Data extracts
══════════════════════════════

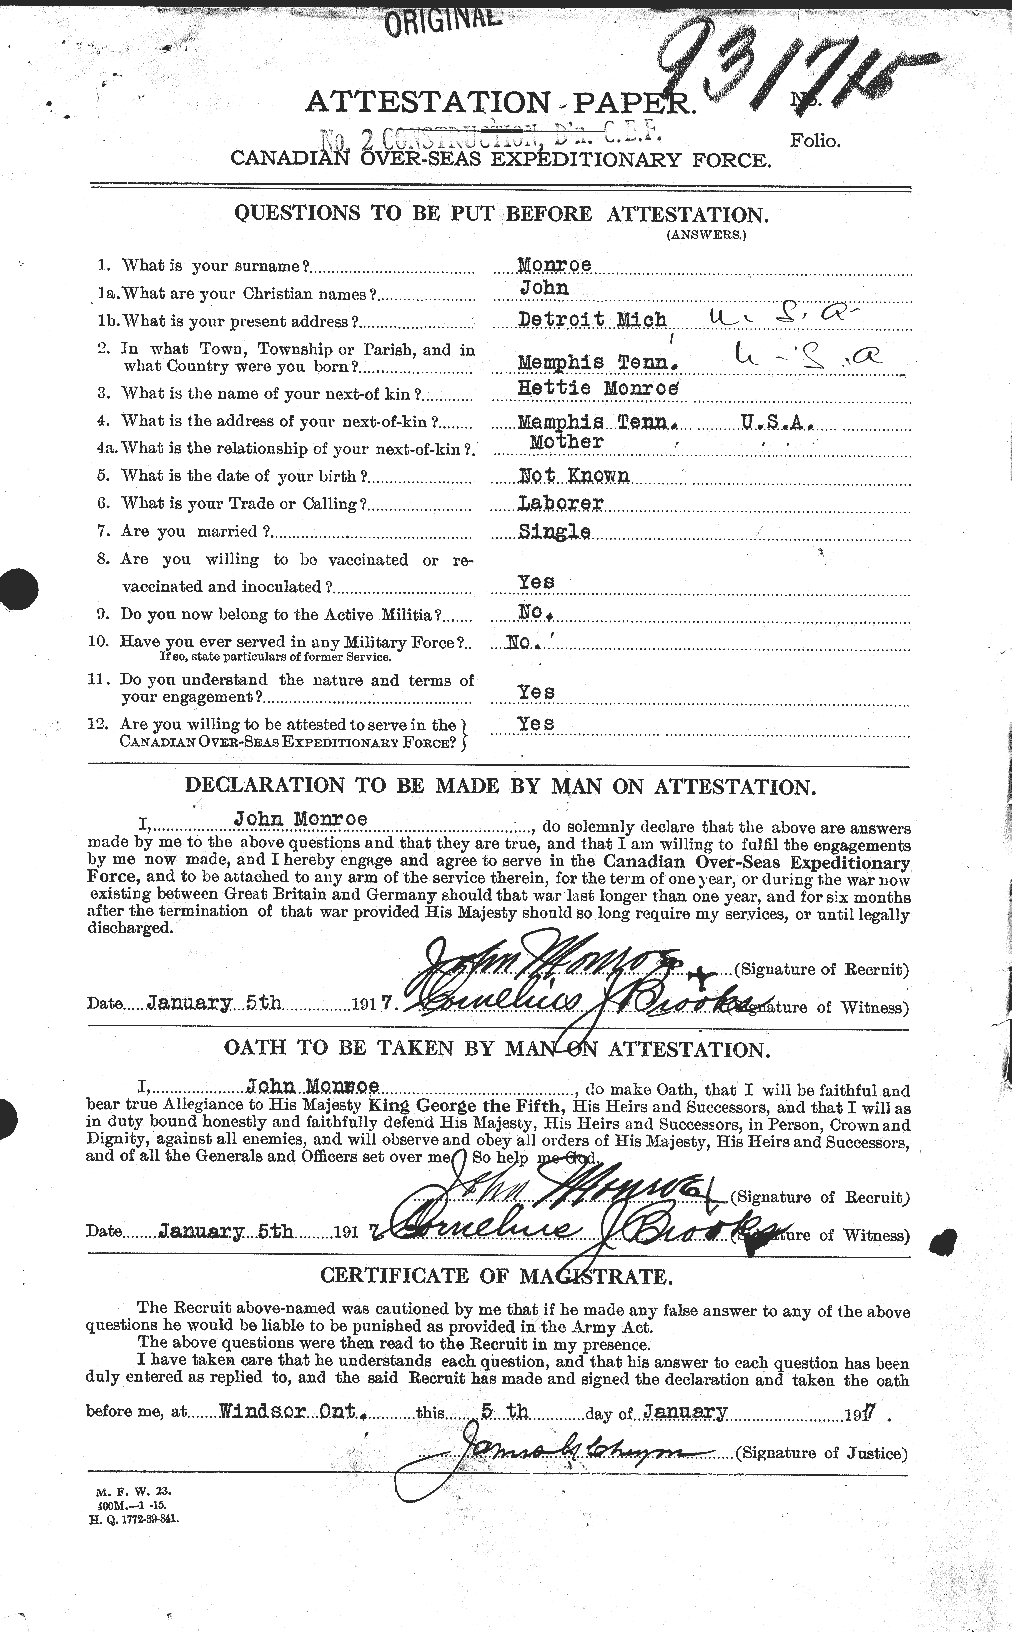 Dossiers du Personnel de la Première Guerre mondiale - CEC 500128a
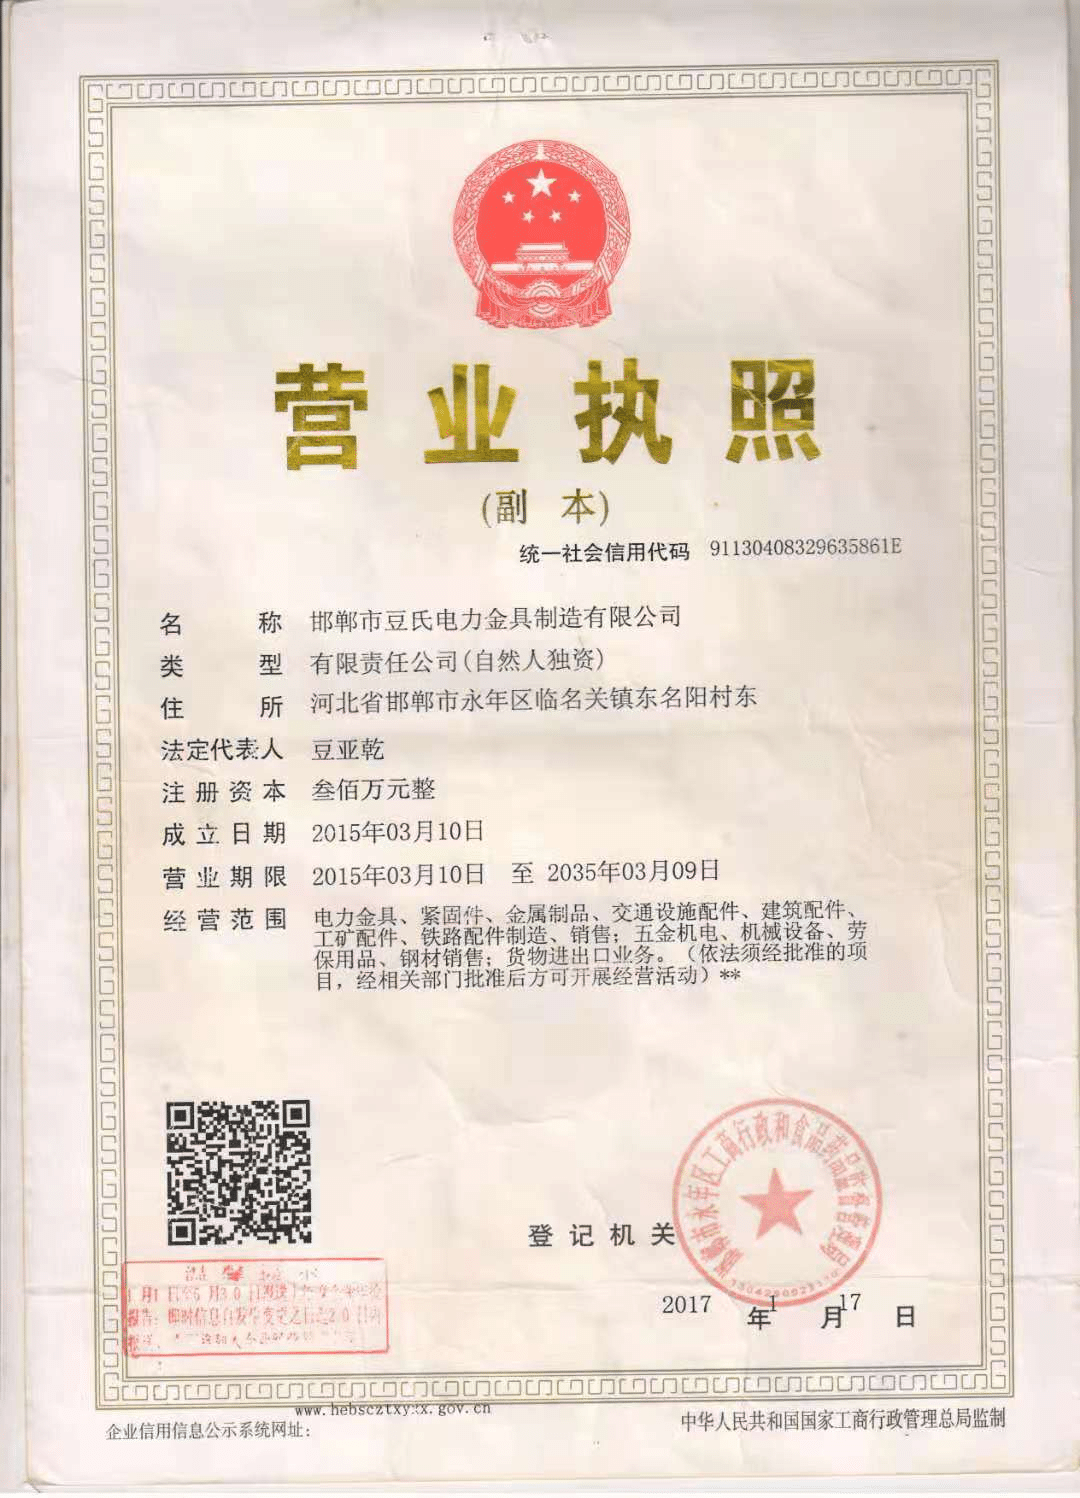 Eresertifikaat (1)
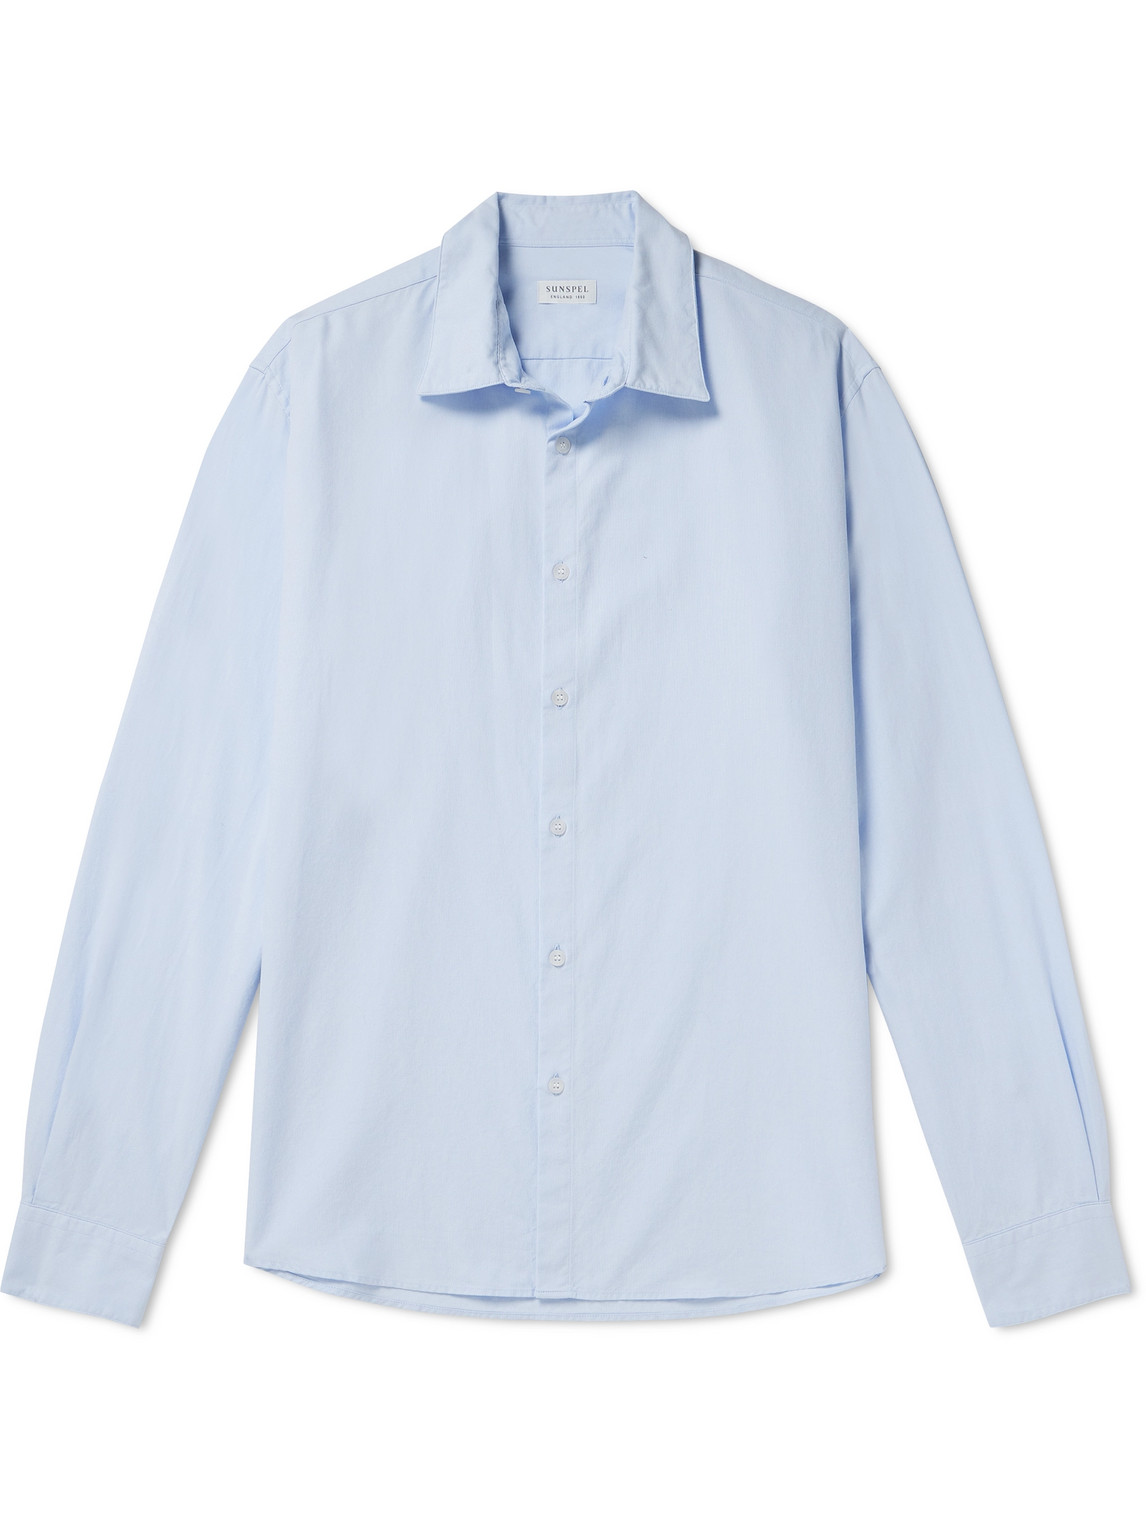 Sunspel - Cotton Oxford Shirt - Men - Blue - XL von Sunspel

══════════════════════════════

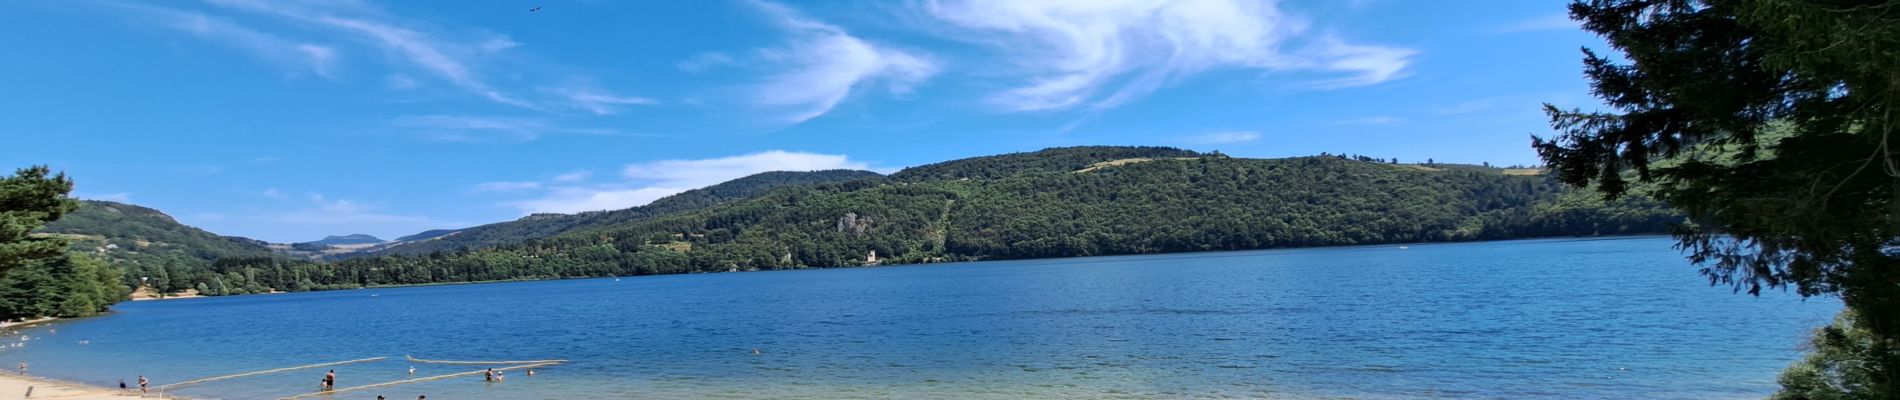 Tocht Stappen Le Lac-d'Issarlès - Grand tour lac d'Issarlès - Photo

══════════════════════════════

Output exactly the lines above, beginning at the one with "Eresertifikaat (1)" and stopping after the one with "Sunspel - Cotton". Pictures are to be omitted.

Written answer
 Eresertifikaat (1)
 Sunspel - Cotton Oxford Shirt - Men - Blue - XL von Sunspel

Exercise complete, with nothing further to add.